The feature map of the final pool layer is flattened and sent to an LSTM unit, a special flavor of Recurrent Neural Networks (RNN) that uses a gated technique to selectively add or remove information from the cell state [7]. A single LSTM cell analyzes 20 feature-sets corresponding to the 20 consecutive input frames, and only the last output of the sequence is used. The LSTM layer uses hard sigmoid functions for inner and output activations.
2.3 Training
We partitioned the data into two mutually exclusive sets of training-validation (\(80\%\)) and test (\(20\%\)). Network hyper-parameters were optimized by cross-validation on the training-validation set to ensure that the network can sufficiently learn the distribution of all echo views without over-fitting to the training data. After finalizing the network architecture, the network was trained on the entire training-validation set and its performance was reported on the test set.
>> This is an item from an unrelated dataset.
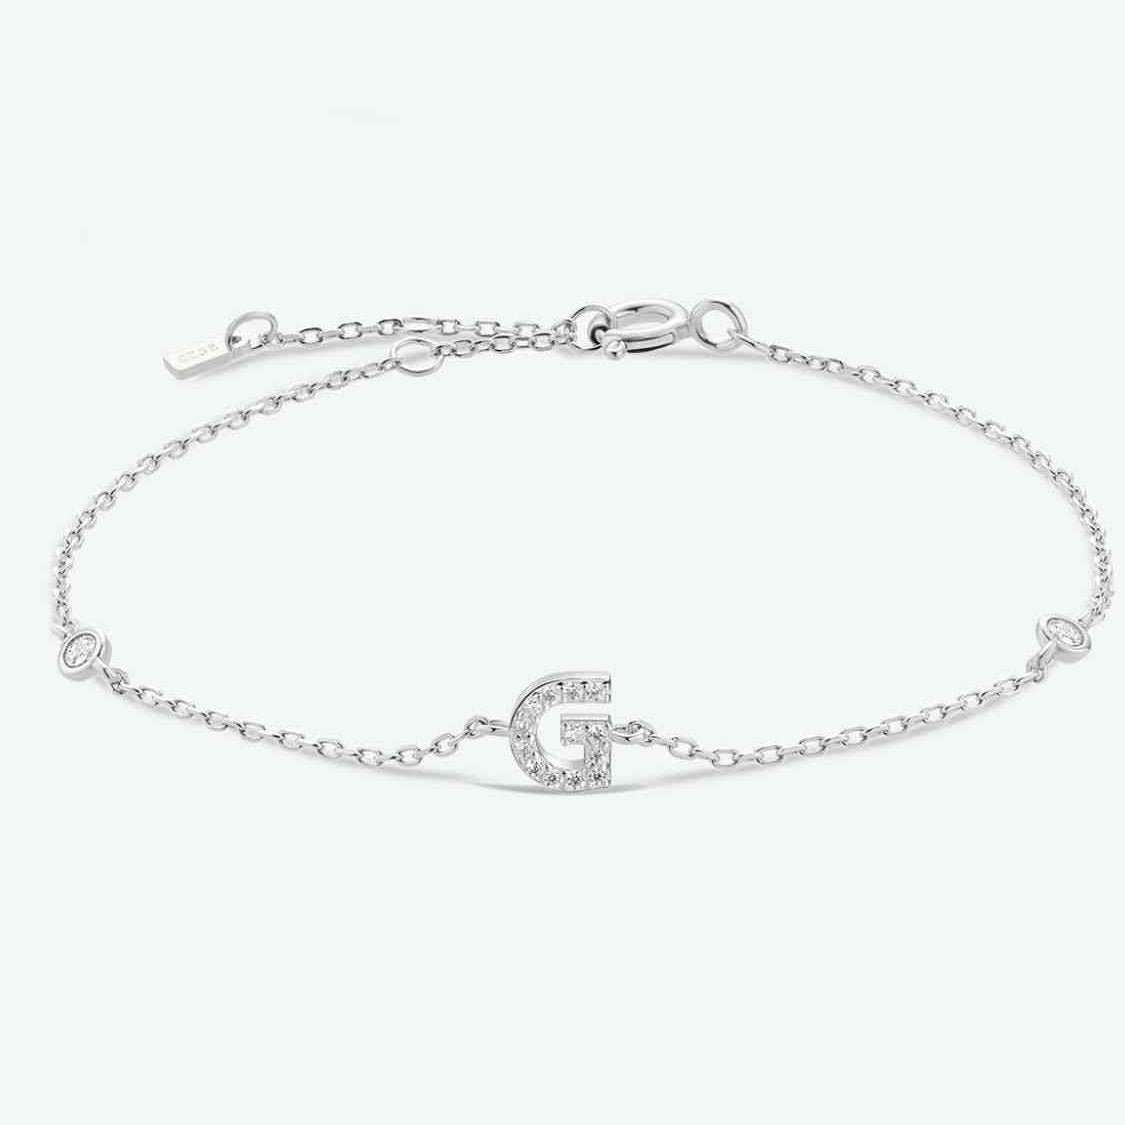 G To K Zircon 925 Sterling Silver Bracelet

Sequence Generation: Due to the variability in heart rate and frame acquisition rates the number of frames per cardiac cycle varied from study to study. We used a static sequence size of 20 frames, which encompasses nearly half the average cardiac cycle in our dataset. This duration was sufficient to capture the quality distribution of the echo imaging planes without adversely affecting the run-time of the model. As a result, frames in each echo sequence sample are not synced with the cardiac cycle, neither in the training-validation nor in the test data set. This design decision ensured that the estimated quality score for a given input sequence was independent of the starting phase of the cardiac data.
After partitioning studies into training-validation and test sets, each echo cine loop was split into as many consecutive sequences of 20 frames as possible, all of which were assigned the same quality-score as the original echo cine. As a result, the average number of training-validation sequences per echo view was 935 (4,675 in total), and the average number of test sequences per echo view was 228 (1,144 in total), each with equal length of 20 frames (Table 1).
Batch Selection: The five regression models were trained simultaneously and each batch consisted of eight sequences from each view. Each sequence was a set of 20 consecutive gray-scale frames, which were downsized to \(200\times 200\) pixels; no preprocessing was applied on the frames.
Since distribution of samples for each view was not uniform and the dataset held more mid to high quality images, a stratified batch selection strategy was implemented to prevent biases towards the quality-levels with the majority of samples [14]. For each view plane of each mini-batch, eight quality-levels were randomly selected and a sample, corresponding to the quality-level, was randomly fetched.
The above strategy benefited the training in two ways: (1) training samples did not follow a predefined order; (2) it guaranteed that, from the network’s perspective, the training samples have a uniform distribution among quality-levels for all the five echo views.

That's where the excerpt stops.